Collected data:
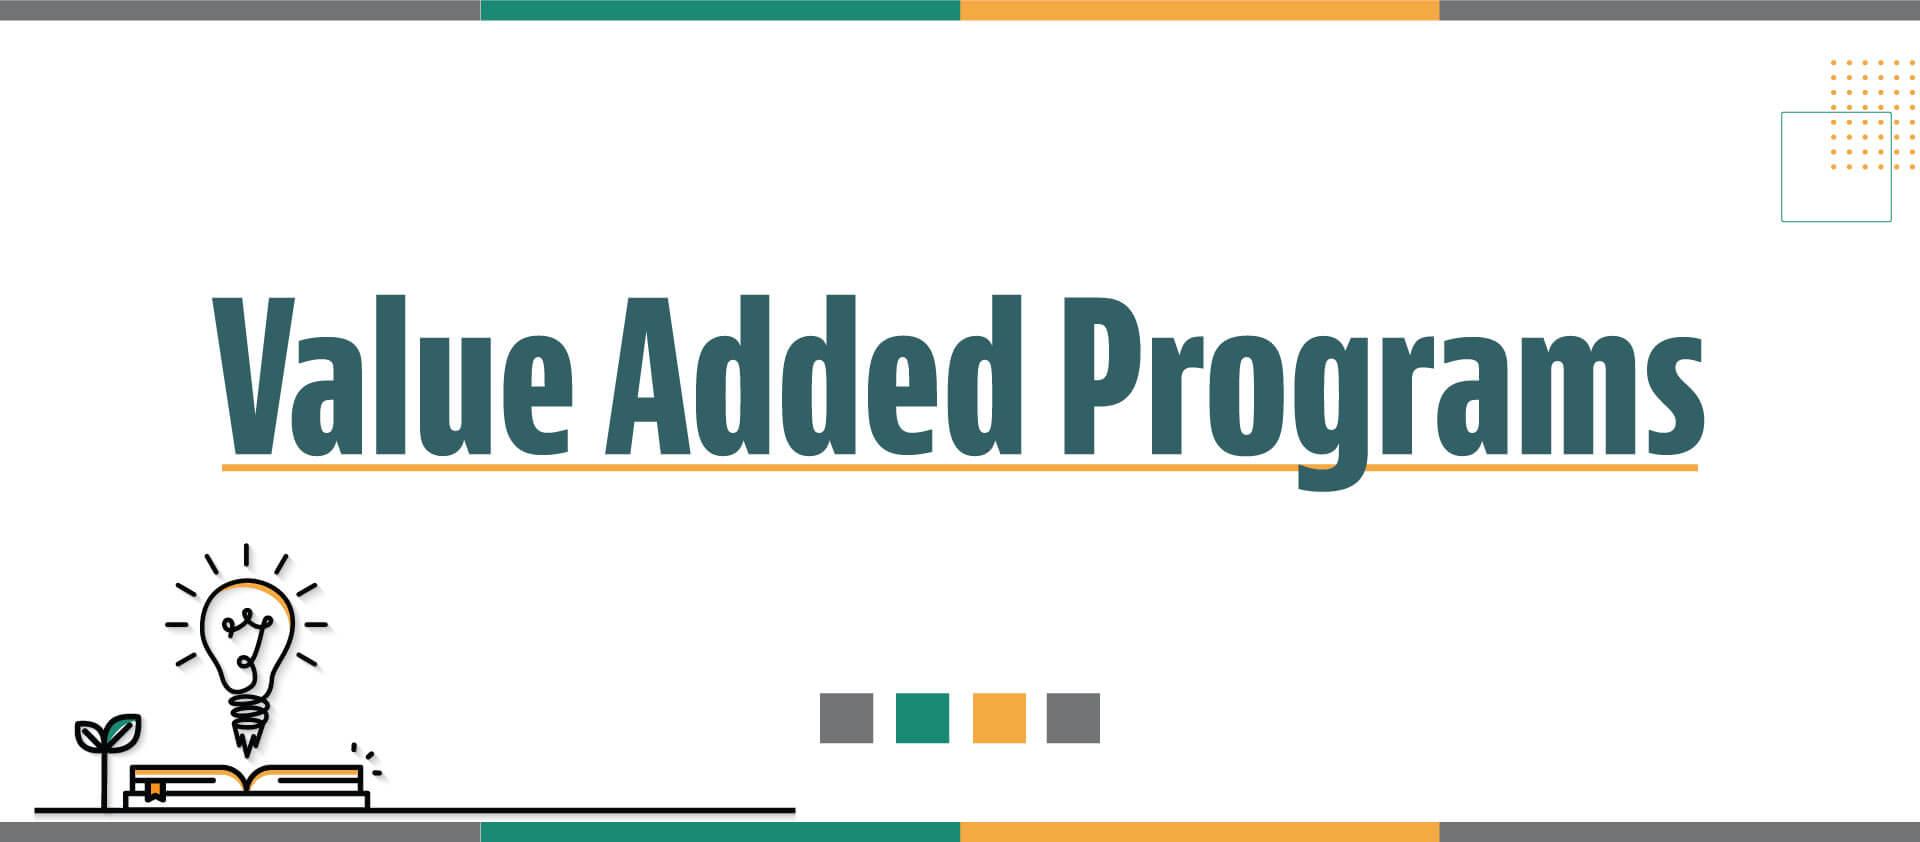 Value Added Programs
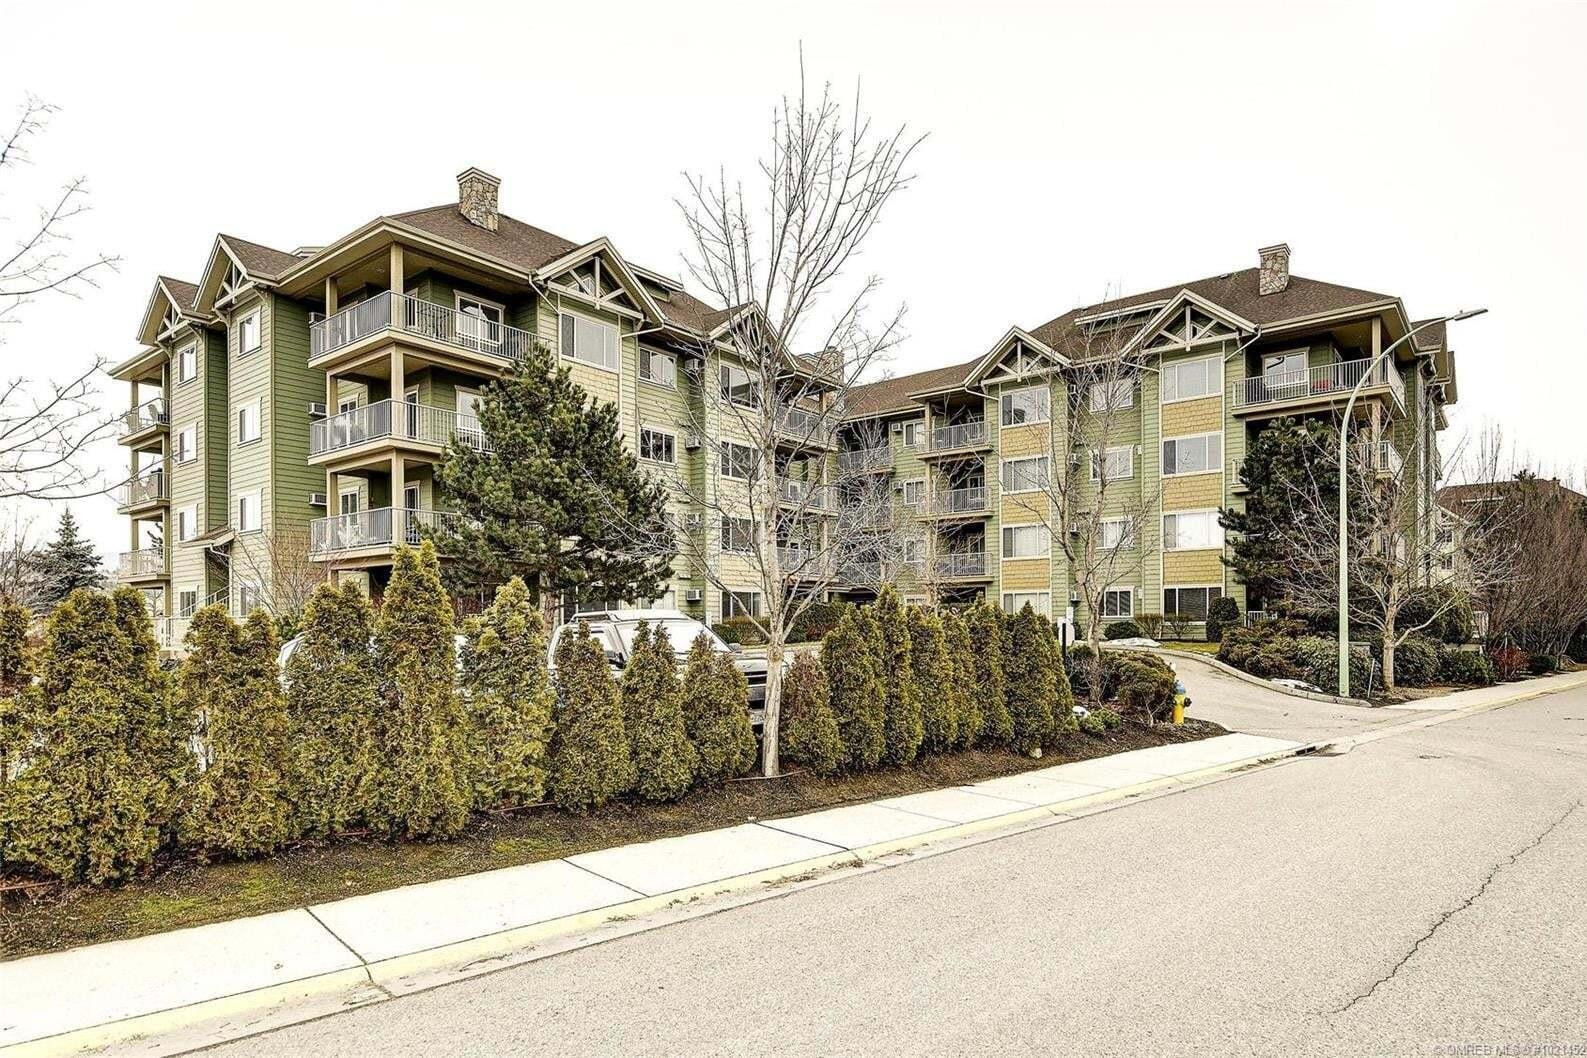 Condo for sale at 688 Lequime Rd Kelowna British Columbia - MLS: 10214523
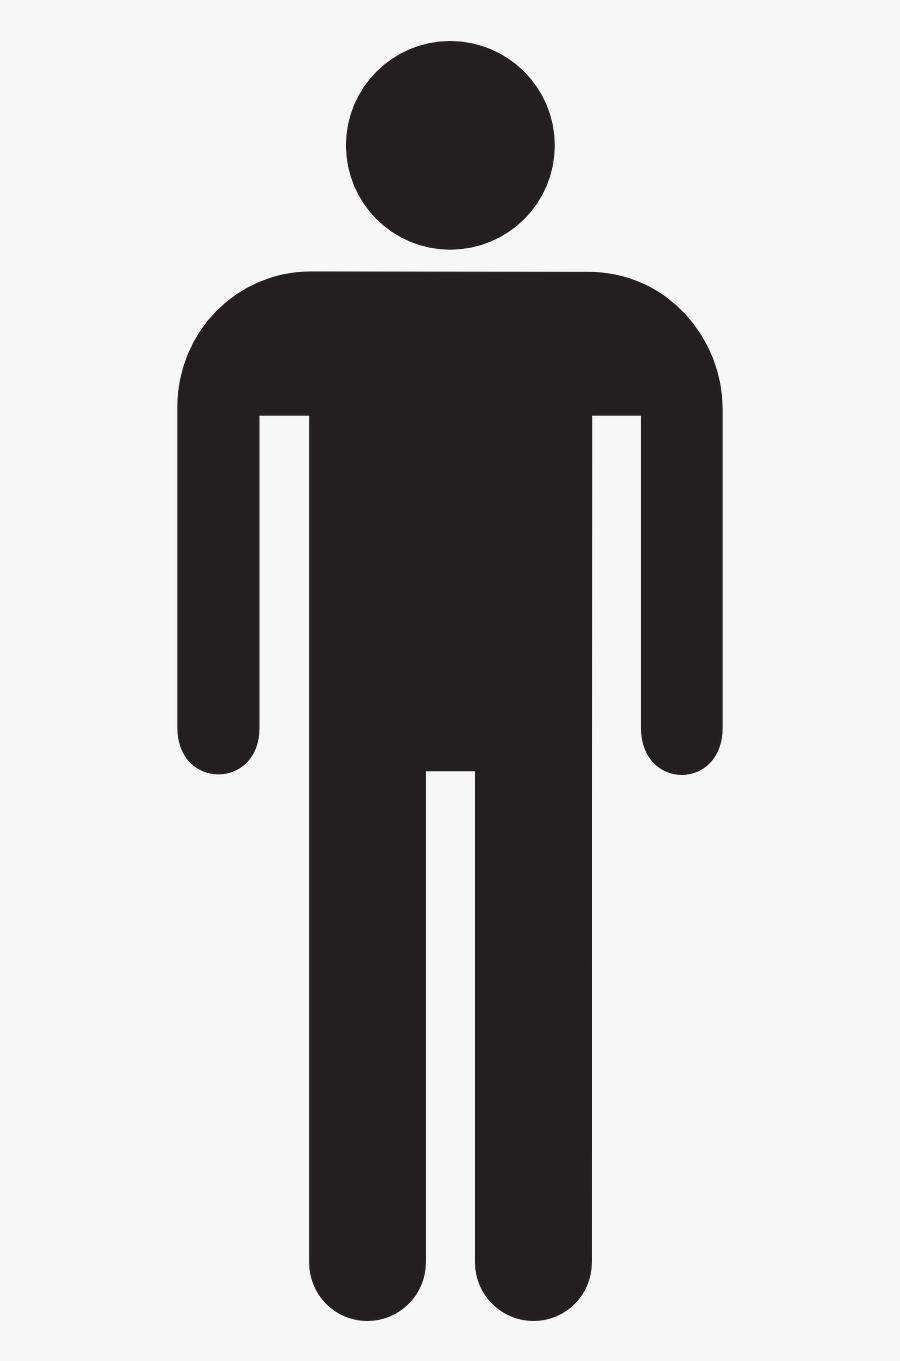 Male Man Stick Figure Symbol Png Image - Man Stick Figure Transparent, Transparent Clipart

Exercise aim:
Please write out the entire listing above exactly, but leave the pictures out.

Your response:
 Value Added Programs
 Condo for sale at 688 Lequime Rd Kelowna British Columbia - MLS: 10214523
 Male Man Stick Figure Symbol Png Image - Man Stick Figure Transparent, Transparent Clipart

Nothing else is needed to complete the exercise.